September 11. This is written the day after, just under the deadline for this issue. For years to come, I expect, we will speak of “before” and “after” September 11. I was on my way to say the nine o’clock Mass at Immaculate Conception, on 14th Street and First Avenue, when the hijacked airline hit the first tower. There was a small crowd at the corner of 14th and I remarked that there seemed to be a fire at the World Trade Center and we should pray for the people there. But I could not stay or I would be late for Mass. Only after Mass did I discover what had happened. How strange beyond understanding, I thought, that as we were at the altar offering up, as Catholics believe, the sacrifice of Christ on the cross, only a little to the south of us was rising, in flames and mountains of smoke, a holocaust of suffering and death. That, too, was subsumed and offered on Calvary. It occurred to me that Friday, only three days away, is the feast called The Triumph of the Cross. Exactly.

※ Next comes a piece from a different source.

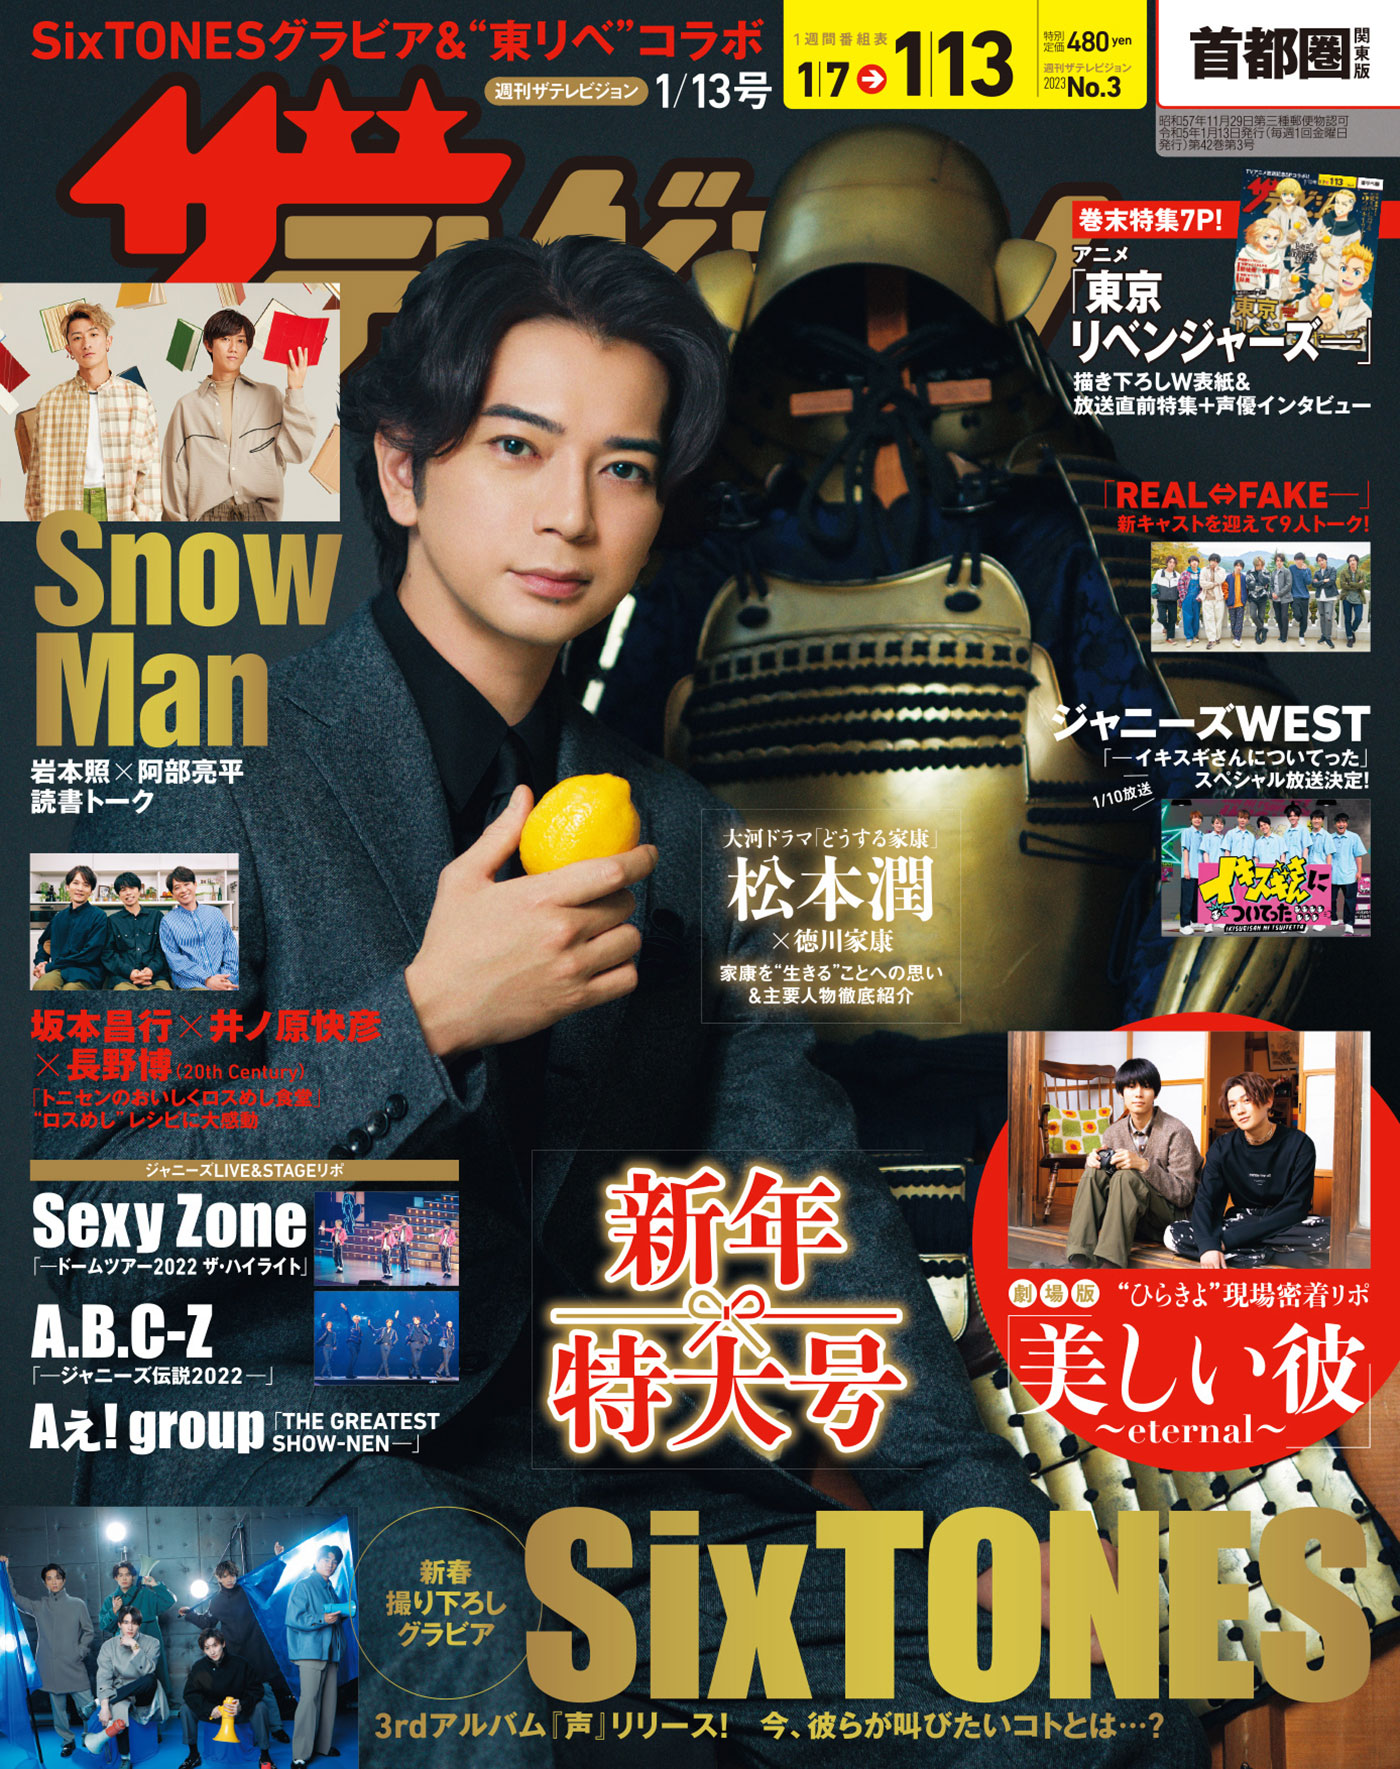 松本潤が『どうする家康』の甲冑と共に表紙を飾る『週刊ザテレビジョン』、SixTONESのグラビアも掲載

Former FT employee Vincent Druding shared his own experience, as well, in ” Ground Zero: A Journal “:

One night at 2 a.m. I was on my way through the rain to pick up supplies in the AMEX building, which, among other things, was being used as a transfer station for the bodies and parts of bodies we had recovered from the site. From there, they were packed onto trucks to be taken to the morgue at Bellevue Hospital. As I entered the atrium of the building I saw scores of workers holding their hard hats over their chests. Fifty yards away a dozen firefighters proceeded slowly in my direction carrying a body bag. I removed my hard hat and stepped to the side. As they approached, I could read their red, swollen eyes. Their uniforms were dark with mud and soot. Raindrops dripped from everyone’s gear. A priest wearing a raincoat, a hard hat, goggles, a respirator, and a headlamp came forward with a book and oils. The men carrying their fallen friend cried quietly as the priest rolled back the bag and anointed the body, administering Last Rites. In the atrium, heads bowed and no one moved. I don’t remember how long we stood there, but time seemed to stop as profane space became as sacred as a shrine. Eventually, the priest stepped away, and the firemen walked slowly forward, out the doors and into the truck waiting outside. Without a word, we went back out into the dark rain to work.